Ugh. Another inaccurate reference to porn, and this time he gets even more insulting by deeming lingerie as “tasteful”. Ok, Doug, so as long as my clients are covered up, they have taste? When does it become “less tasteful”, and by whose yardstick are we measuring taste, anyway? Because from where I’m standing, a gal could wrap herself ankle to chin in a bed sheet or thrust her naked muff at my camera, and both of those are just fine. To me, it’s all a celebration of being sexy as all get out, and that will never, ever be distasteful. (The phrase you were looking for, you oaf, is “covered-up” – I even wouldn’t have taken much issue if you had chosen “modest”.)

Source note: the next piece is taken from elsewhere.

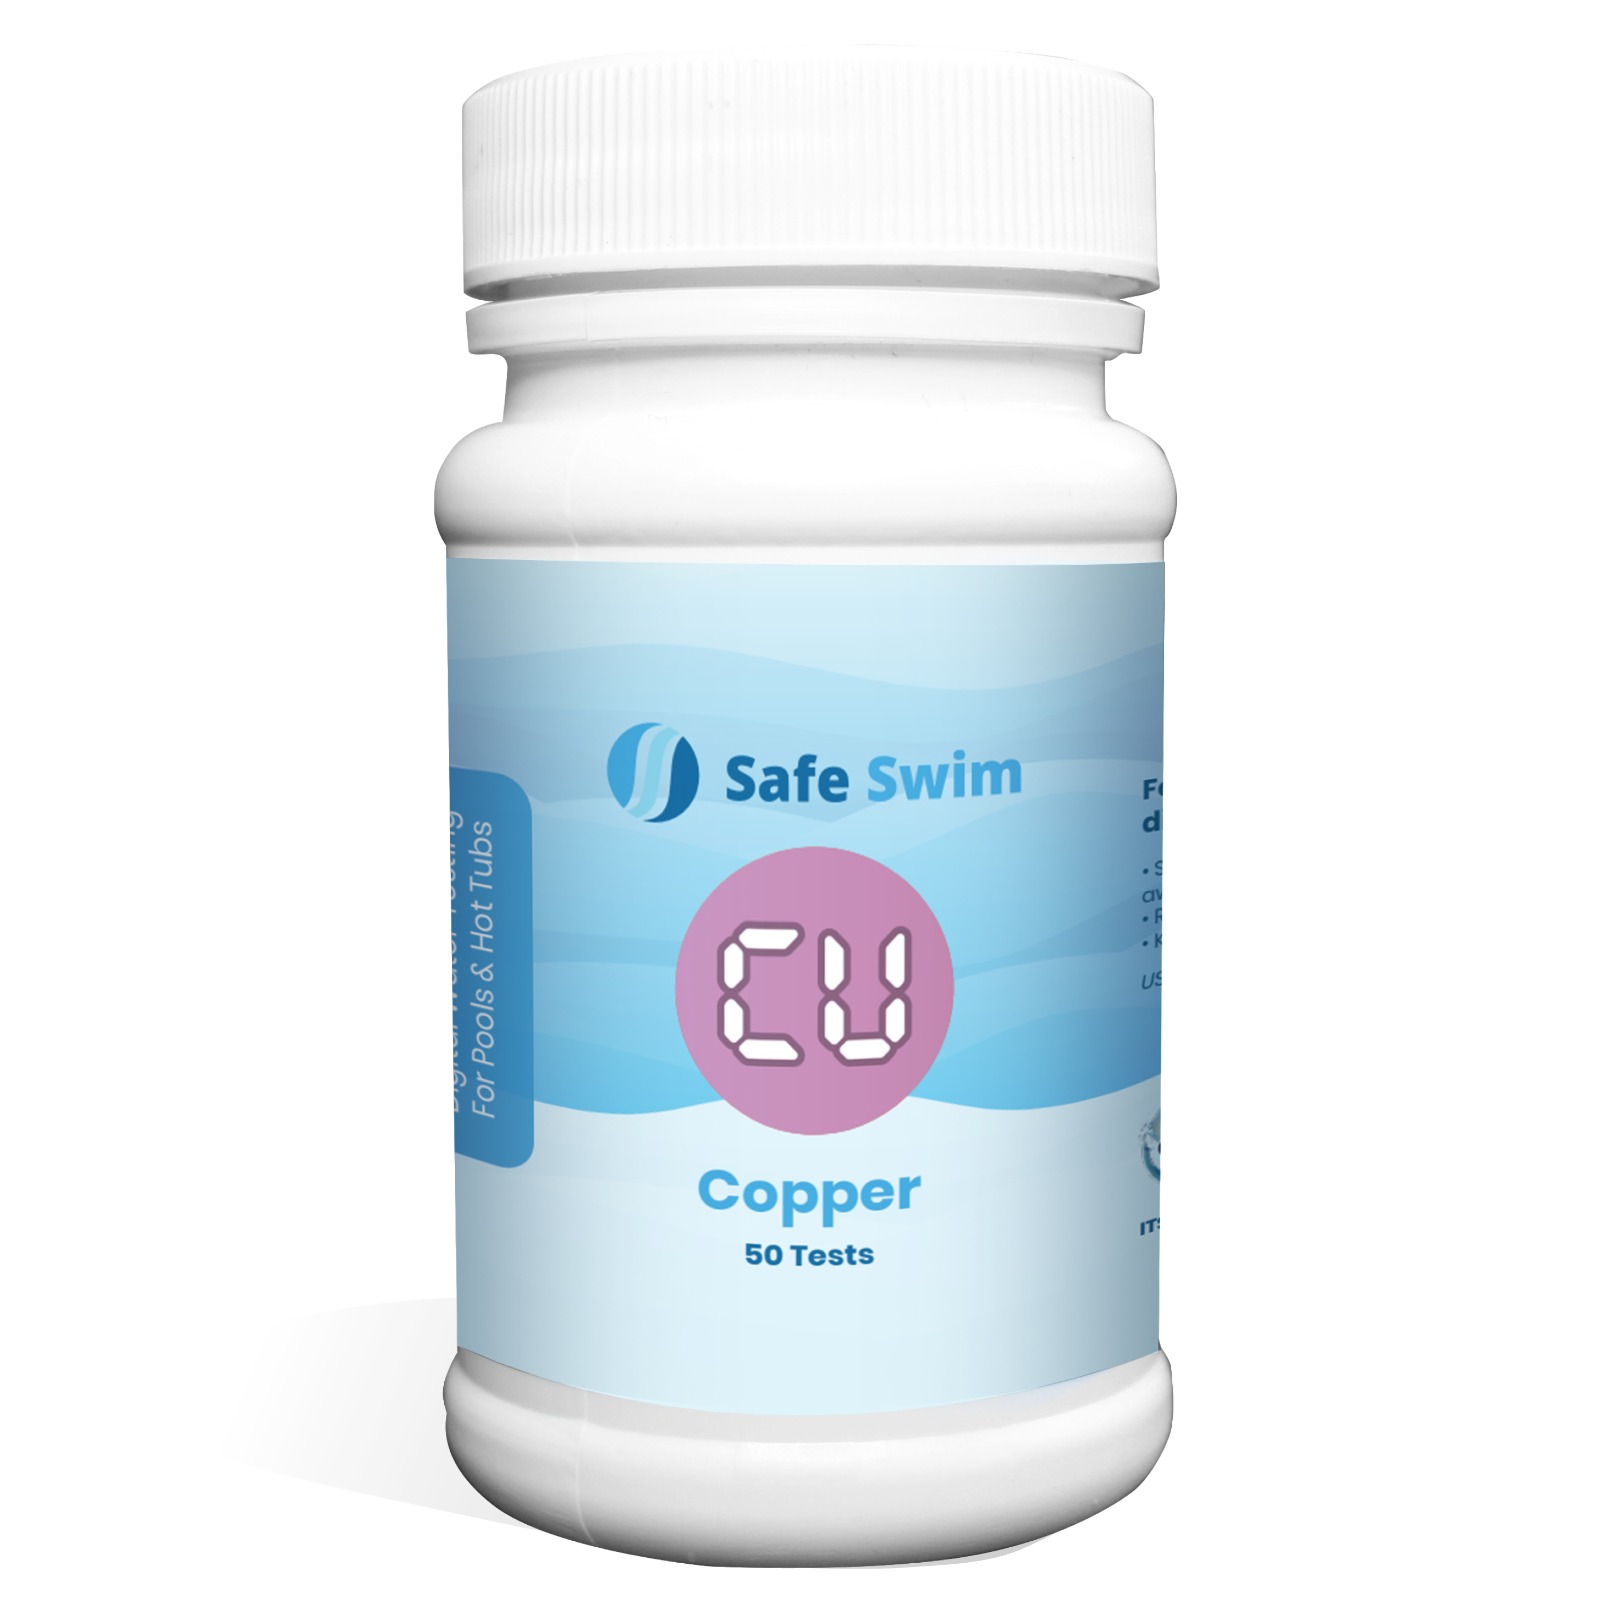 SafeSwim Copper test strips

The worst part of this article is the overall assumption that boudoir shoots are just for hetero ladies to give to their hetero menfolk. Not true. First, I’ve done boudoir shoots for lesbians, for gentlemen, and for ladies who are glowing and bursting at the seams with soon-to-be-born baby. And of course hetero ladies with engagement rings, too. They’re all worthy, and they’re all sexy. Second, you don’t do a boudoir shoot for someone, you do it for you. Even if the resulting photos are bound in a book and presented as a gift to a lover, even if you did slink around in his favorite hockey jersey, the benefit of the goodness of the photo shoot falls directly to the person who posed, because she (or he) did something bold that made them look and feel amazing.

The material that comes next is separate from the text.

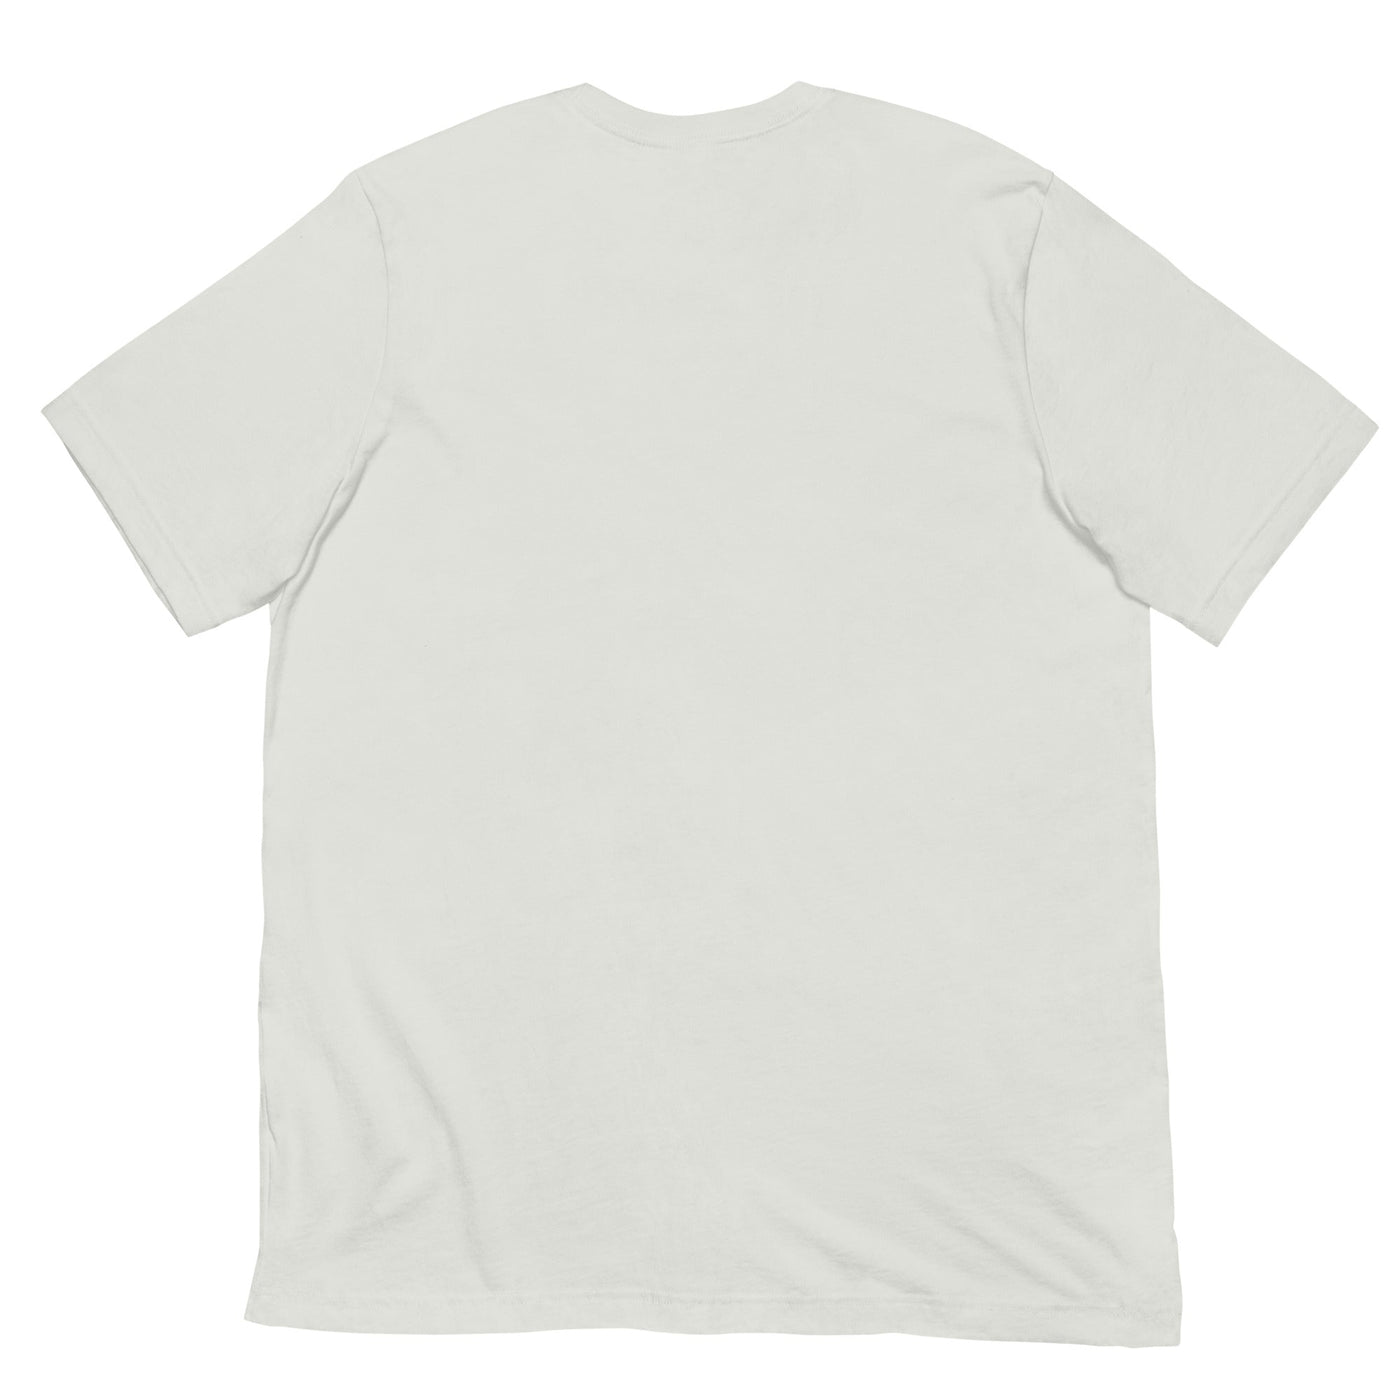 Lake Mead + Get Your Own Dam Shirt, T-Shirt - Ezra's Clothing

There is nothing – NOTHING – shameful about that.









nikkiana
14 Aug 12 at 12:43 am
Ick. That article was so… irritating and ill-informed. Okay, sure… there are probably ladies out there who genuinely believe that if they get boudoir shots done their finances will stop looking a porn (and who are probably be going to be sorely disappointed when their man doesn’t stop wanking to porn), but geez… totally missing everything you said. Seriously, I want to smack people with a keyboard and scream “Do your research before you click the submit button, asshole!”
najla.
14 Aug 12 at 11:57 am
Here, here!
A Bicycle Built for Two
14 Aug 12 at 12:03 pm
I know this is totally beside the point but what is so wrong with watching porn (within reason)? Sometimes my wife and I watch porn together and sometimes we watch porn separately.
Anyway, did you take those photos? They are gorgeous!

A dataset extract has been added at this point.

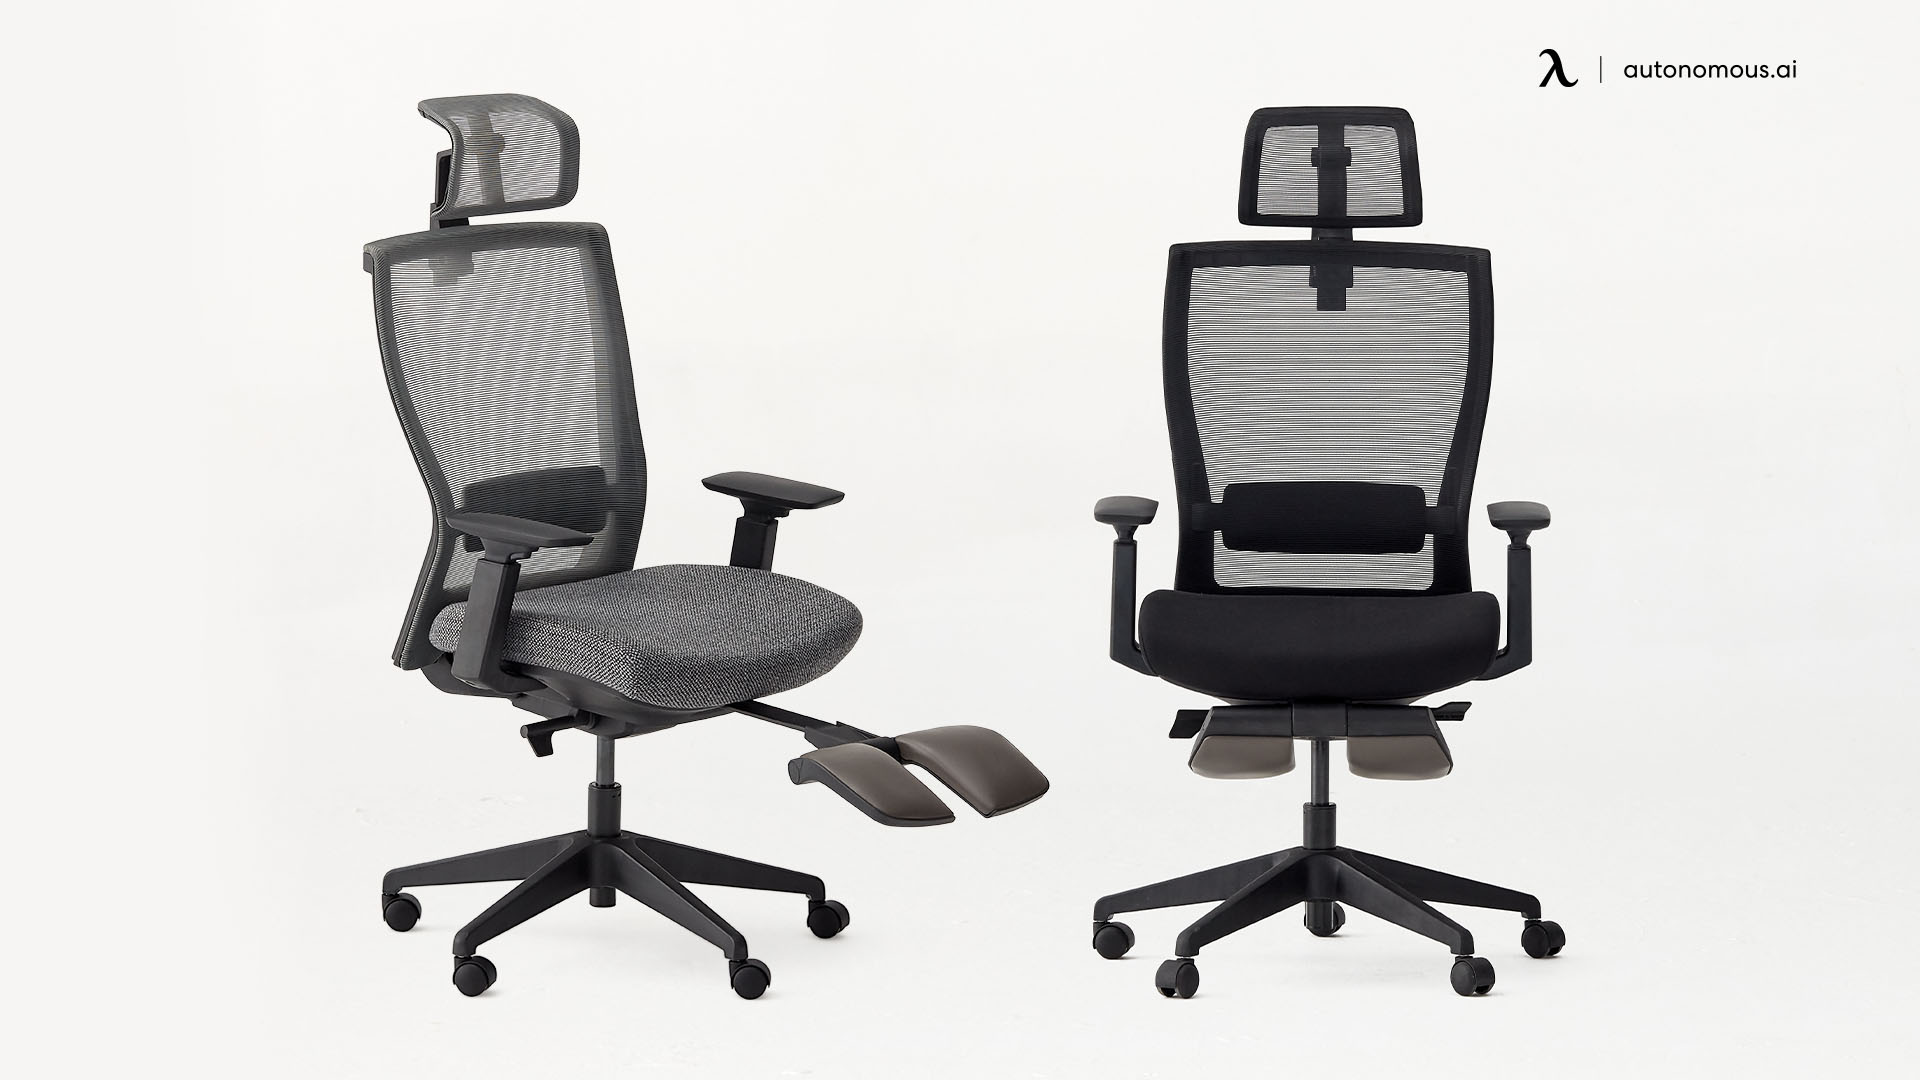 ErgoChair Recline office chair with back support

I’m not saying watching porn is wrong. I’m saying boudoir photos, even if they nod heavily to pornography photography, are not porn – cannot be porn – because of their intended purpose.
Mostly, though, I’m taking issue with the shaming of women choosing to do a boudoir shoot. The fact that one of the shaming tactics was calling them porn makes me angry, too, because it implies that porn is shameful, but I didn’t delve into that.
And I did take these, thank you!
Cindy
14 Aug 12 at 9:52 pm
I have taken several boudoir photos in my 365 day projects of myself. I did them to remind myself that I can be sexy and that I am beautiful. And they were good pictures that made me feel good about myself. I didn’t take them for anyone, but me. That article can suck it.
Kizz
16 Aug 12 at 11:22 am
Tell it!
Johanna
23 Aug 12 at 3:09 pm
OK, case in point for reasons I got these done: Looking just now at the one of me above, from almost two years ago, I grinned and thought, “DAMN my boobs look good!”
What’s so shameful about that, bridal or no, Jezebel??
Oh wait…. nothing!
Daffodil Campbell
29 Aug 12 at 2:14 pm
Yay for you taking gorgeous photos – whatever the subjects are wearing or doing – even if they are naked and not doing a damn thing, you make it beautiful.
I want some of these taken. AT THE ACE.